THE NEGATIVE PRETRAINING EFFECT IN SEQUENTIAL DEEP LEARNING AND THREE WAYS TO FIX IT Anonymous authors Paper under double-blind review

Abstract

Negative pretraining is a prominent sequential learning effect of neural networks where a pretrained model obtains a worse generalization performance than a model that is trained from scratch when either are trained on a target task. We conceptualize the ingredients of this problem setting and examine the negative pretraining effect experimentally by providing three interventions to remove and fix it. First, acting on the learning process, altering the learning rate after pretraining can yield even better results than training directly on the target task. Second, on the learning task-level, we intervene by increasing the discretization of data distribution changes from start to target task instead of "jumping" to a target task. Finally at the model-level, resetting network biases to larger values likewise removes negative pretraining effects, albeit to a smaller degree.
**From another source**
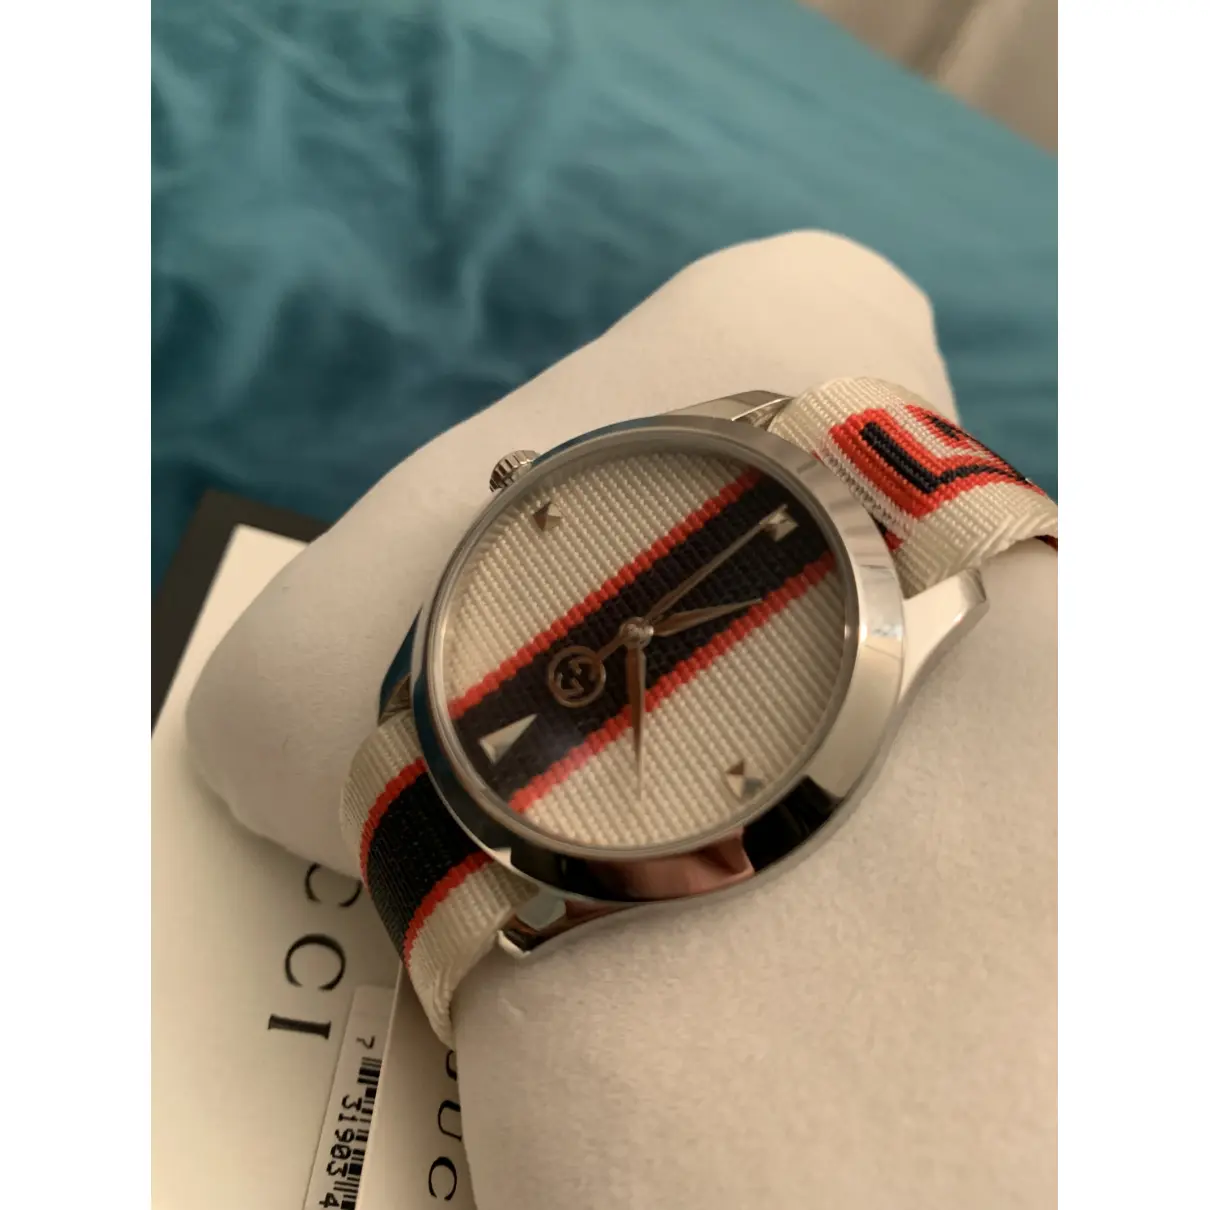 G-Timeless silver watch Gucci

With these intervention experiments, we aim to provide new evidence to help understand the subtle influences that neural network training and pretraining can have on final generalization performance on a target task in the context of negative pretraining.

1. INTRODUCTION

Lifelong learning (Thrun & Mitchell, 1995; Silver et al., 2013) holds both the promise of benefitting from past experiences and the challenge of having to continually adapt to new problem settings. The characteristics of this intriguing sequential learning problem make it a balancing act between retaining knowledge and adapting to new experiences referred to as the stability-plasticity dilemma (Mermillod et al., 2013) . Similar to a coach or teacher, we want to understand when a sequence of tasks helps or hinders further learning and what the underlying mechanism are that influence this process given that the cost of training very large models from scratch such as GPT-3 (Brown et al., 2020) has increased considerably (Sharir et al., 2020) . This setting of training a model on a sequence of tasks to maximize its performance on a target task we coin the sequential learning problem. The existing literature on sequential learning sheds some light on the characteristics of this problem setting. In some cases, following a sequence of learning tasks can lead to better results than simply training on the target task from scratch (Bengio et al., 2009) . Achille and Soatto (Achille et al., 2017) and Wang et al. (2019) contrast this picture by highlighting that neural networks can suffer from pretraining on some tasks. When learning data is corrupted for a sufficiently long period, even switching back to clean data does not allow the model to recover its original performance (Maennel et al., 2020) . Until compared, it may unforuntely be unclear that a model is corrupted.

Contribution:

We formalize the basic ingredients of sequential learning as following a path on a learning manifold as depicted in Fig. 1 and provide three ways to remove the negative pretraining effect that can occur for certain task changes in neural network training as depicted in Fig. 2 . We establish experimentally for a variety of task changes and datasets that this final performance can be highly dependent on the way the chosen model is trained, the sequence of training tasks, and how the model is perturbed during the training process. First, we demonstrate that increasing learning rates after pretraining can remove negative pretraining effects. Secondly, we show that continuously changing from source to target task instead of "jumping" can reap significant benefits in performance and does not incur a deficit penalty. Thirdly, we display that resetting only the biases for each task in the training process appears to decrease negative pretraining effects. Finally we speculate on plausible reasons such as qualitatively different training behavior during the "high learning rate phase" (Lewkowycz et al., 2020) that may explain the observed effects.